Dr. Doris Akyere Boateng
Dr. Doris Akyere Boateng is a social worker and Senior Lecturer, with a vast experience in socio-economic research. She completed a split-site PhD program in Social Work at the University of Ghana and the University of Manitoba in Canada. She has a Master of Philosophy degree in Social Work from the University of Ghana. She has great interest in Women’s empowerment issues, Mental Health, Gender Issues, Policy Studies and Community Development. She is a Christian and married with 2 biological and several social children.
Jemima Nunoo (PhD, MA(res), MA, BSc (Hons))
Dr (Mrs) Jemima Nunoo (nee Agyare) is an award winning executive and Technical Director for Media and Strategic Communications at the Office of the President, Ghana. She is also a lecturer at the Ghana Institute of Management and Public Administration (GIMPA). She headed the Centre for Management Development (CMD), the Executive Education and training wing of the GIMPA Business School. Dr Nunoo teaches Leadership (at the undergraduate and executive levels), Business Ethics and Corporate Social Responsibility, Business Management and Administration at the Business School and have taught Politics, International Relations and Ethical Leadership at the School of Public Service and Governance. With regards to teaching, she has over 17 years of experience teaching at the Tertiary level. She has facilitated programmes for various organisations including: Young African Leaders Initiative (YALI), Ministry of Local Government and Rural Development, Databank and DANIDA.

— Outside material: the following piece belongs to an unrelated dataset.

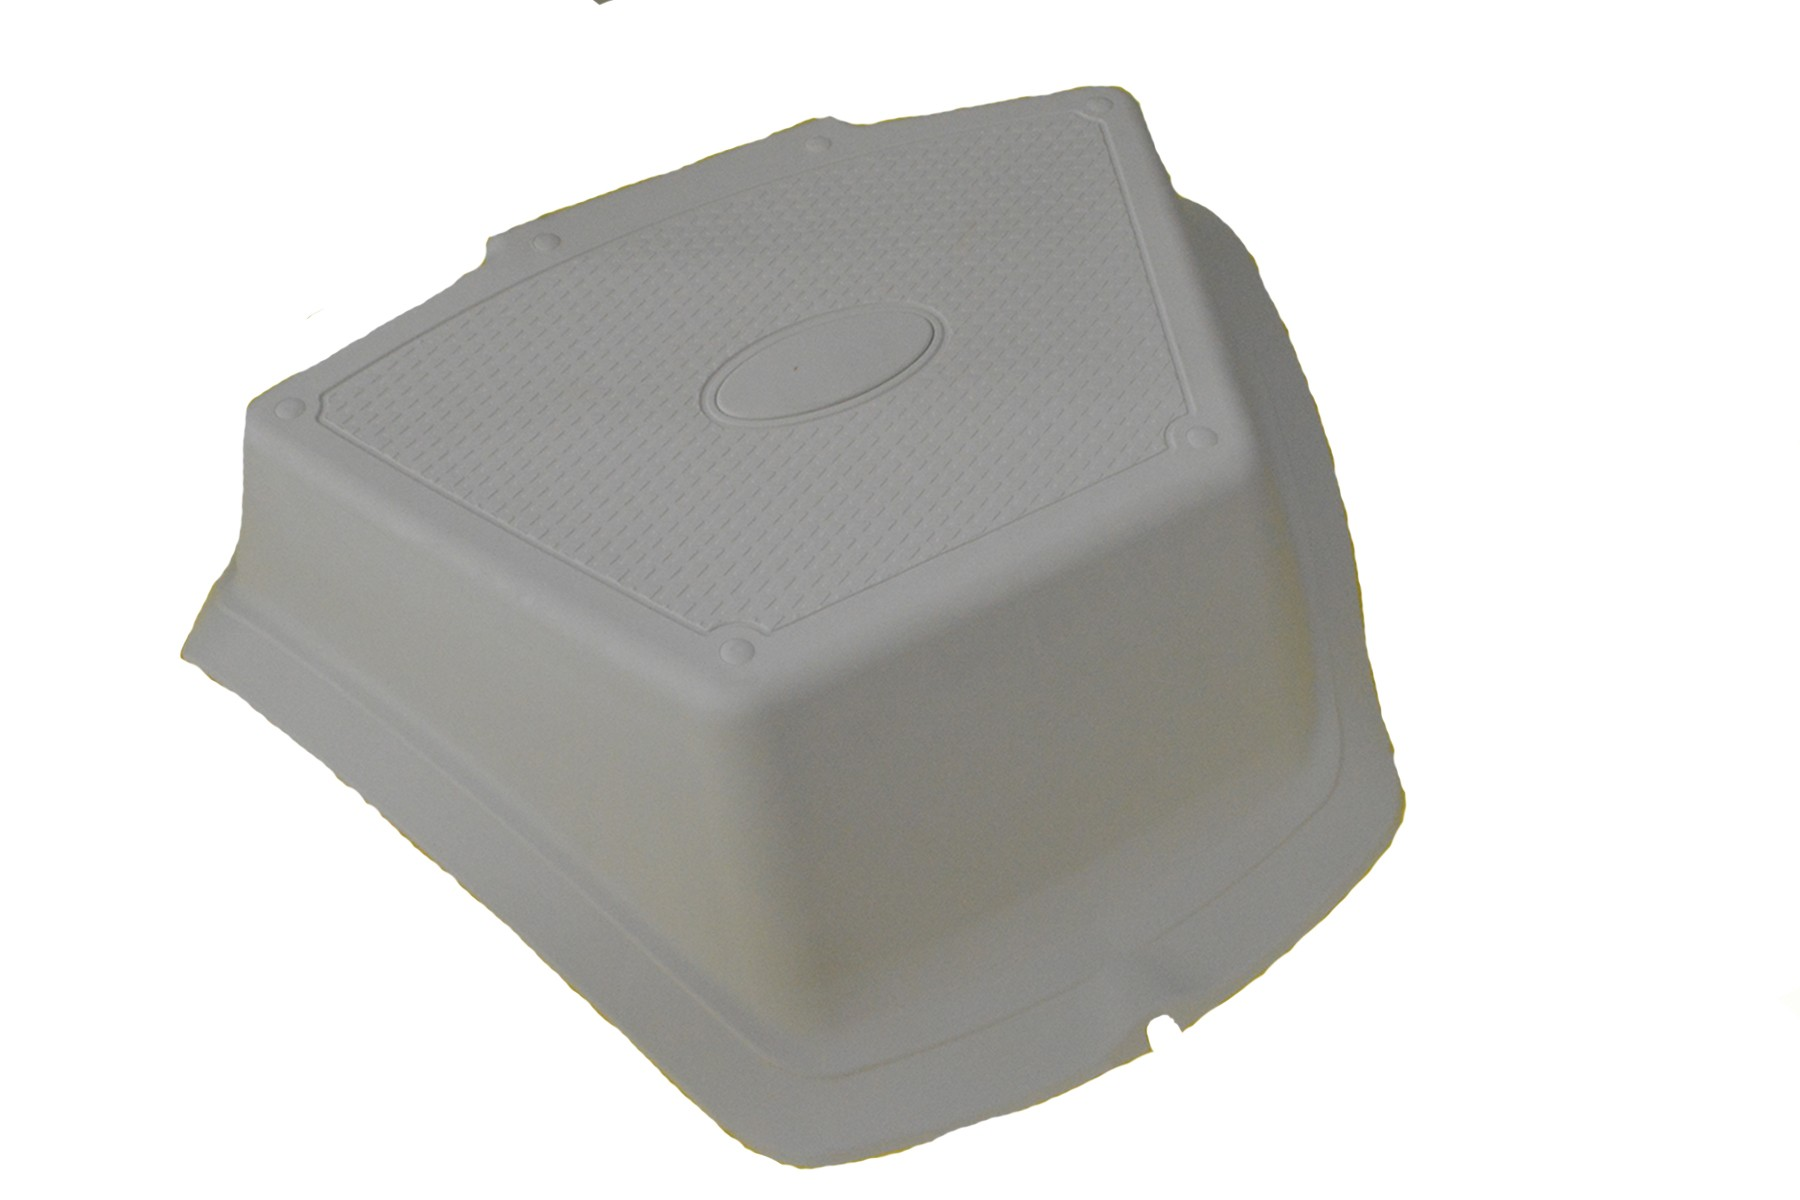 175.25 - Σκαλοπάτι Πλώρης Φουσκωτού PVC Λευκό L 46 Χ W 34

Dr Nunoo holds a BSc (Hons) in Biochemistry from the University of Birmingham, UK, an MA in International Studies and Diplomacy from the School of Oriental and African Studies (SOAS), University of London, a Research Track MA from the University of Nottingham, UK and a PhD from the same institution. The Economic and Social Research Council (ESRC) of the UK awarded Dr Nunoo a PhD and research track MA scholarship. Her doctoral research investigated the politics and governance of genetically modified (GM) agriculture in Africa. Dr Nunoo has written on GM agriculture in Africa, transparency and accountability issues within the oil and gas sector in Ghana and small-scale agriculture in Africa.
Previously Dr Nunoo was the Speechwriter and Principal Researcher for H. E. John Agyekum Kufuor, former President of the Republic of Ghana. She was instrumental in the establishment and launching of the John A. Kufuor Foundation for Governance and Leadership. Prior to this, she was a Research Fellow at the Institute for Democratic Governance. She headed the Poverty, Inequality and Sustainable Development Programme. She has also taught Power and Leadership, Qualitative Research Methods and Approaches to Political Studies at the School of Politics and International Relations at the University of Nottingham, UK.

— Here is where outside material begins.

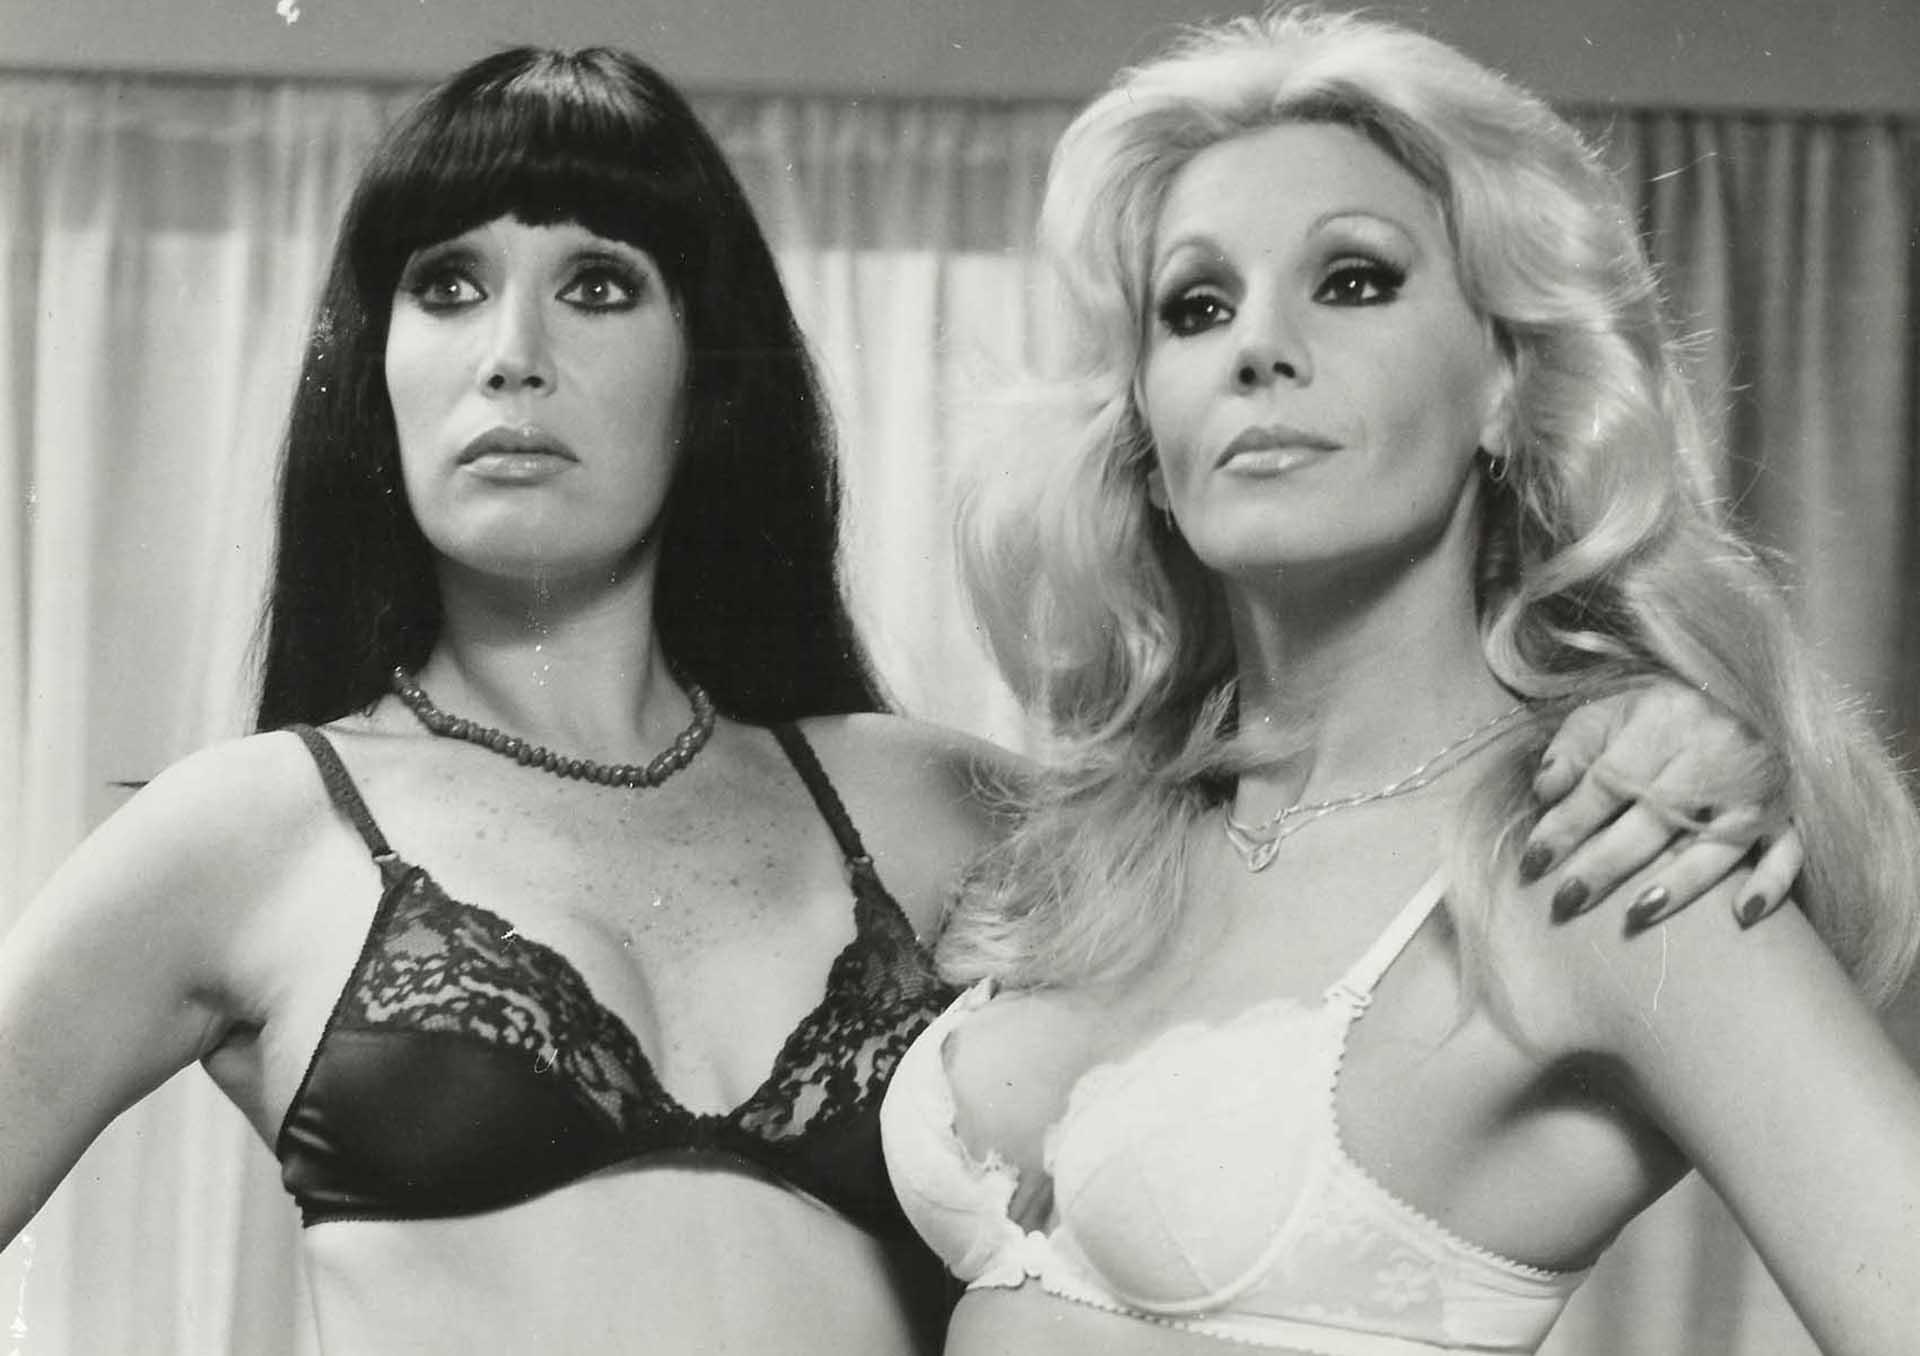 Junto con Moria Casán también estuvo en la pantalla grande. Ambas fueron íconos sexuales de la década de los 80

Dr Nunoo won the awards for Outstanding Female Executive of the Year and Best Achiever in CSR at the 2019 Feminine Ghana Awards. She is the Board Chair of the Africa Centre for Energy Policy (ACEP), an Energy Research organisation and Thinks Tank and a government-appointed board member of the Petroleum Commission, Ghana.

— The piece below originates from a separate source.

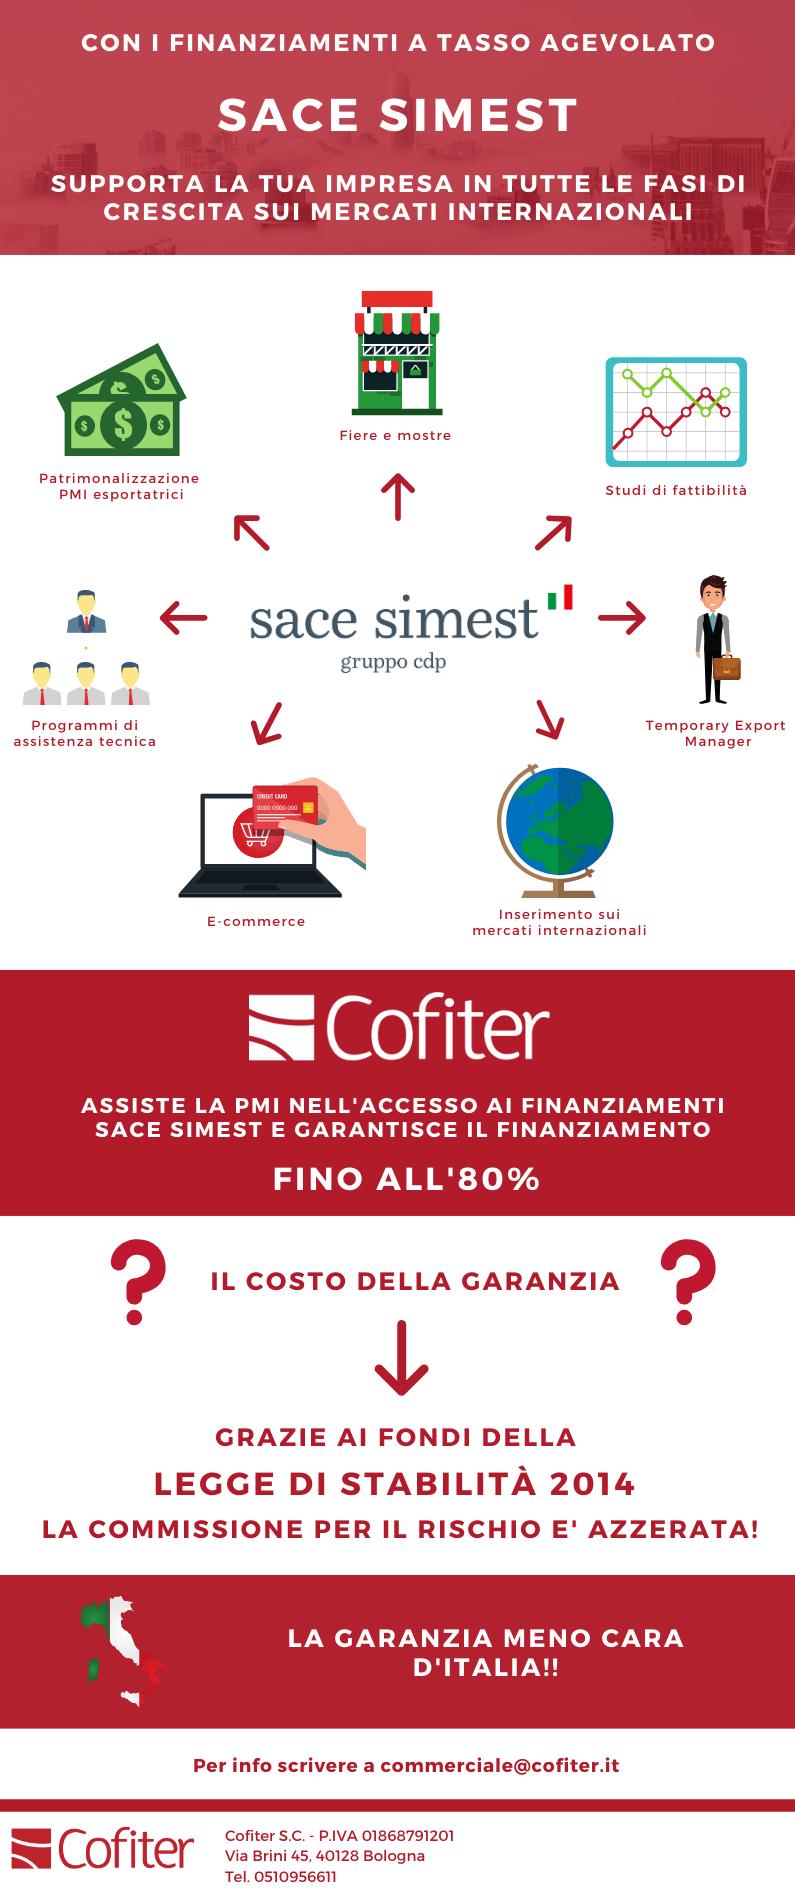 Cofiter affianca SACE SIMEST nel supporto all'internazionalizzazione delle imprese

Dr. Ernestina Korleki Dankyi
Dr. Ernestina Korleki Dankyi holds a PhD in Migration Studies, a Master of Philosophy degree in Sociology, and a Bachelor of Arts degree in Social Work all from the University of Ghana. She aspires to be a world class childhood research scholar and one of Africa’s finest child’s right advocate. Her lifelong goal is to work assiduously towards the elimination of the all forms of homelessness and streetism among children in Sub-Saharan Africa. It is her greatest desire that children will find a home preferably among ‘family’ within which they will grow and develop. Her research focuses on diverse groups of children and adolescents affected by both internal and international migration. She has for the past three years been working on the mental health experiences of street children and adolescents, most of whom are migrants. She also believes that the environment, that is the multi-level care systems within which children grow up play a significant role in their wellbeing. Therefore, inspired by the ecological systems theory, her current research focuses on the interaction between the macro structures of care and the immediate settings within with children and adolescents find themselves and how these interactions impact on their wellbeing. She was awarded a grant by the Society for Research in Child Development (SRCD) to examine the existing institutions, policies and programmes available for street children and how these are positioned to meet their mental health and other related needs. Her interest in street children and adolescents spans their general well-being and the micro, meso and macro level structures that are responsible for providing care for them. She is also a 2016 Global Fellow with the Global Child Behavioural Health Fellowship programme funded by the McSilver Institute for Poverty Policy and Research at the New York University and a member of the Society for Research in Child Development.